We gridded up with the two other cars, the Brazilians from Unicamp and the Canadians from McGill. Both of their cars were better tuned and faster than ours, but this was our shakedown run. I made the decision to leave the torque limit at 50%. Partially because we didn’t have time to change it, and partially that since now that we were running blind without instrumentation I wanted to make sure we were gentile on the battery (because now, our only feedback that we had hit limits would be the latching, not reset-able total shutdown), and less torque would make the badly tuned suspension more manageable.

I drove the first stint since I was most familiar with the operation of the powertrain and wanted to have the chance to listen and feel for any potential problems.

The car ran perfectly. Unfortunately the chassis was not set up evenly and was able to put power down out of left-hand turns far better than right, and the track was run clockwise… so there was much opportunity for spinning the inside tire coming out of turns.

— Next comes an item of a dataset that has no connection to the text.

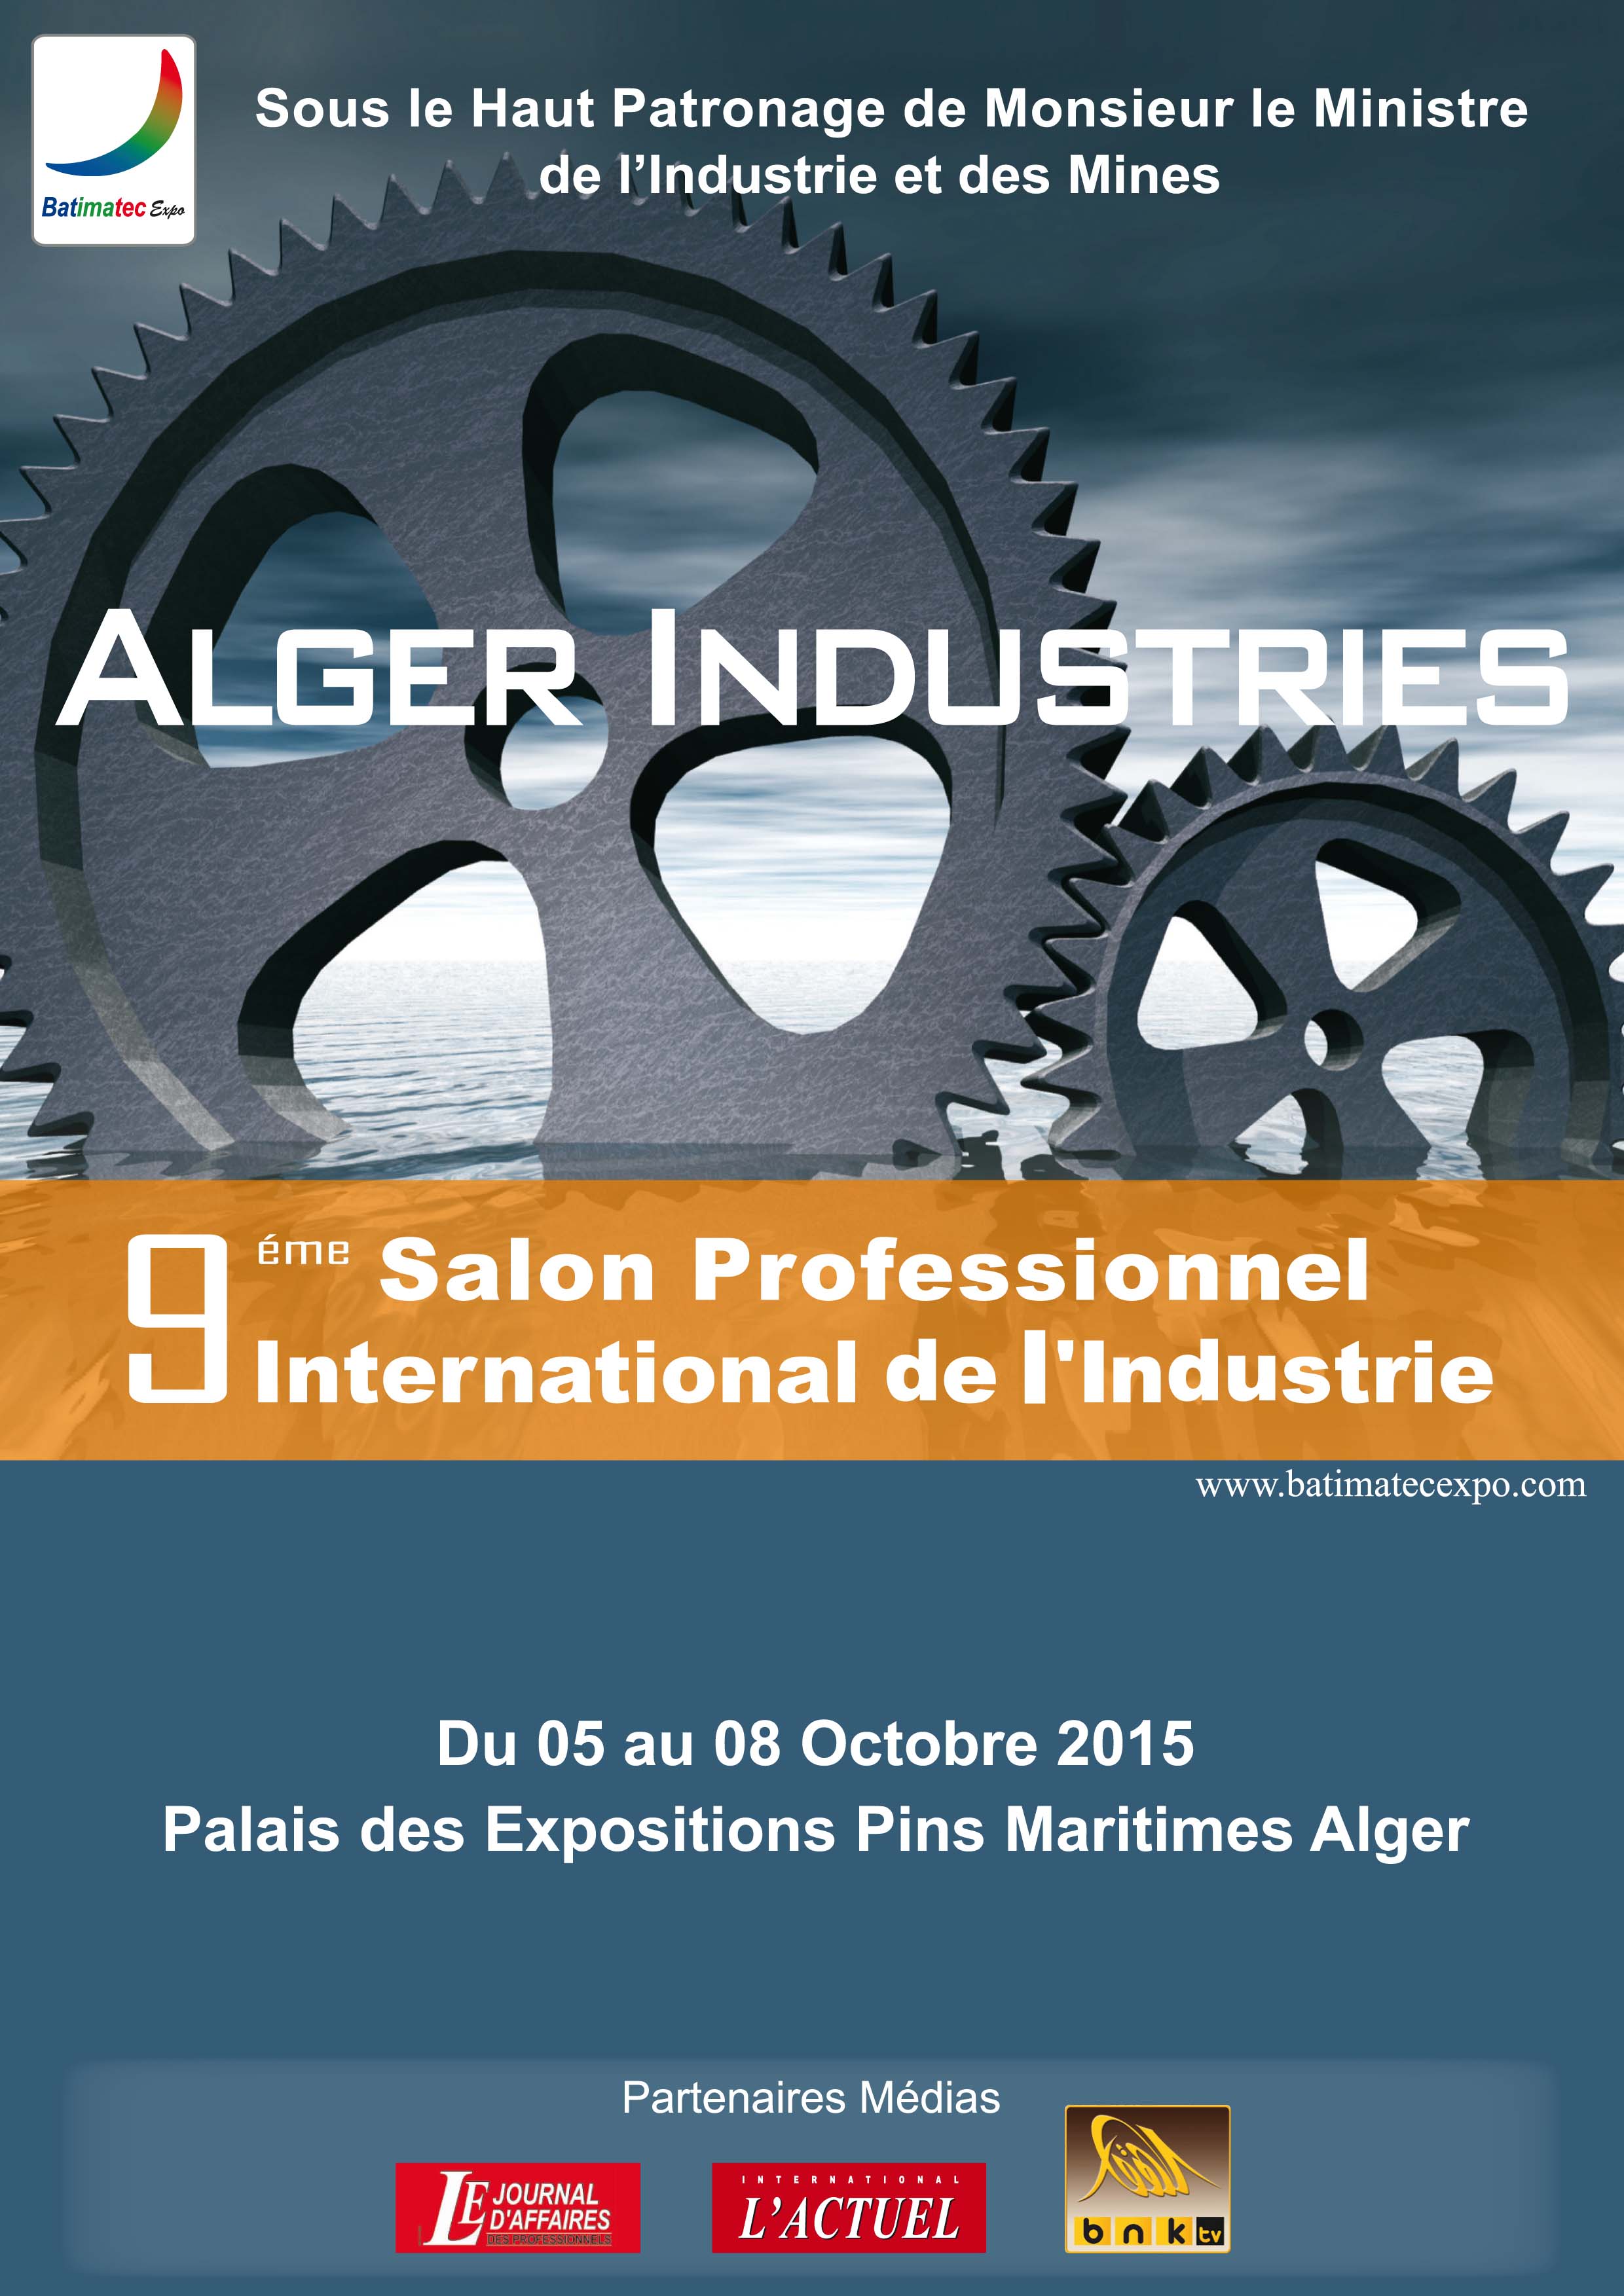 GH CRANES & COMPONENTS no salão da Indústria 2015 em Alger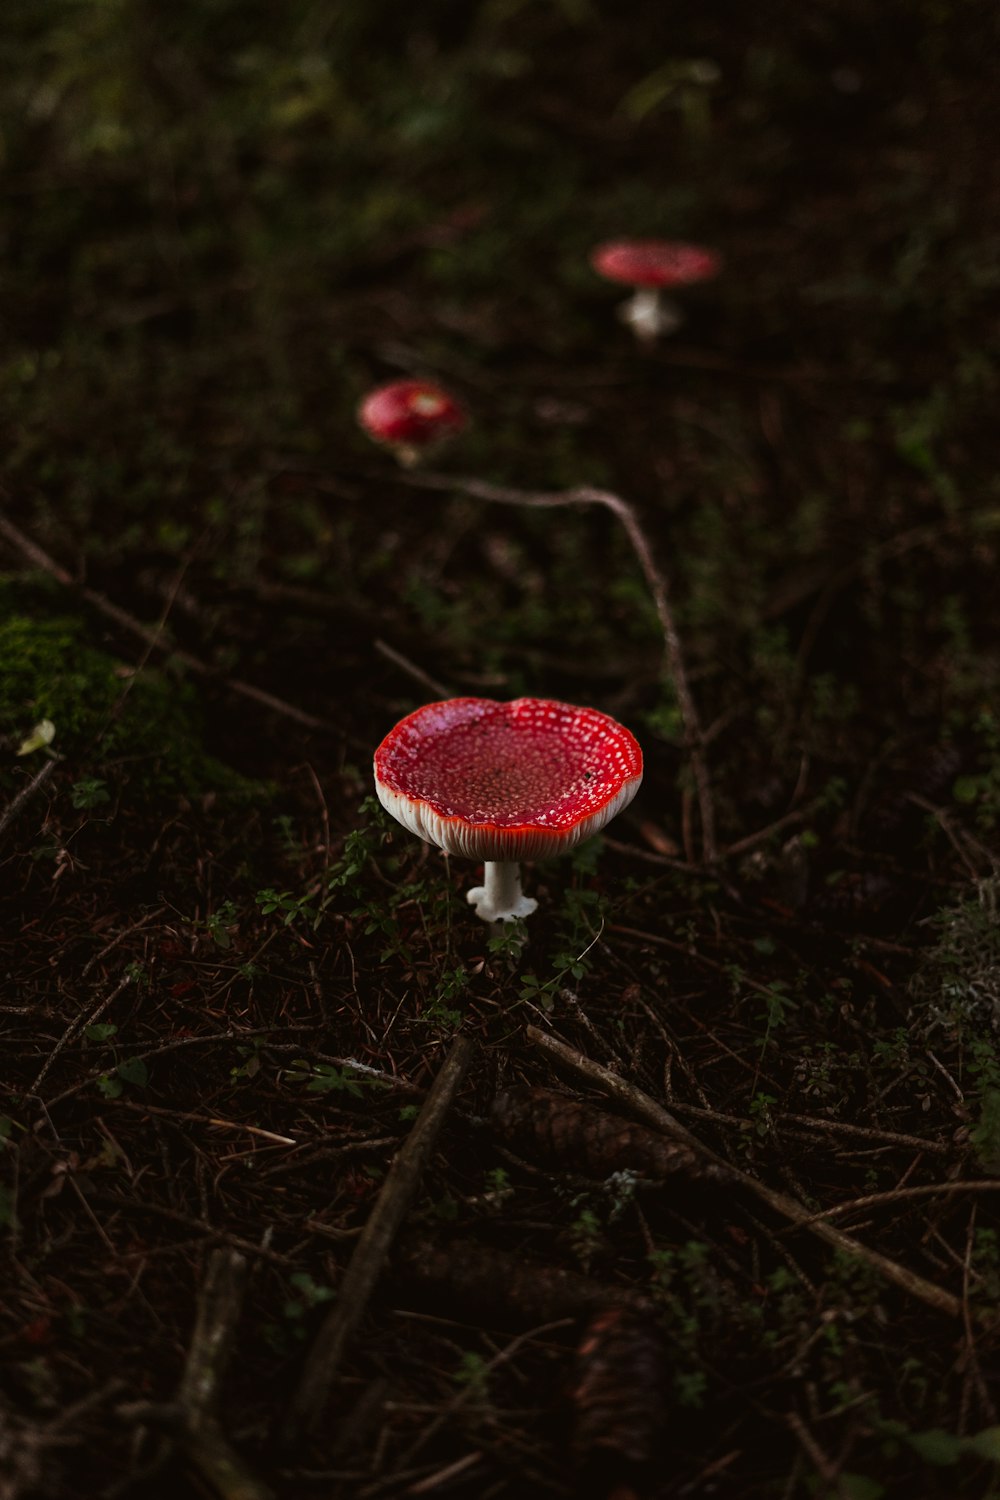 fungo rosso e bianco in fotografia ravvicinata

And it wasn’t quick, due also to the low torque limit. But I felt very reassured that it was functioning properly during my time driving.

So I gave our second driver Ivan the green light: Go for it. And he did an excellent job of finishing the second session. Checking the SOC and battery temperature after the event was a good surprise, with 40% SOC and 45C, still 10C away from the hard limit.

As they always say, the best way to do well at FSAE is to finish endurance.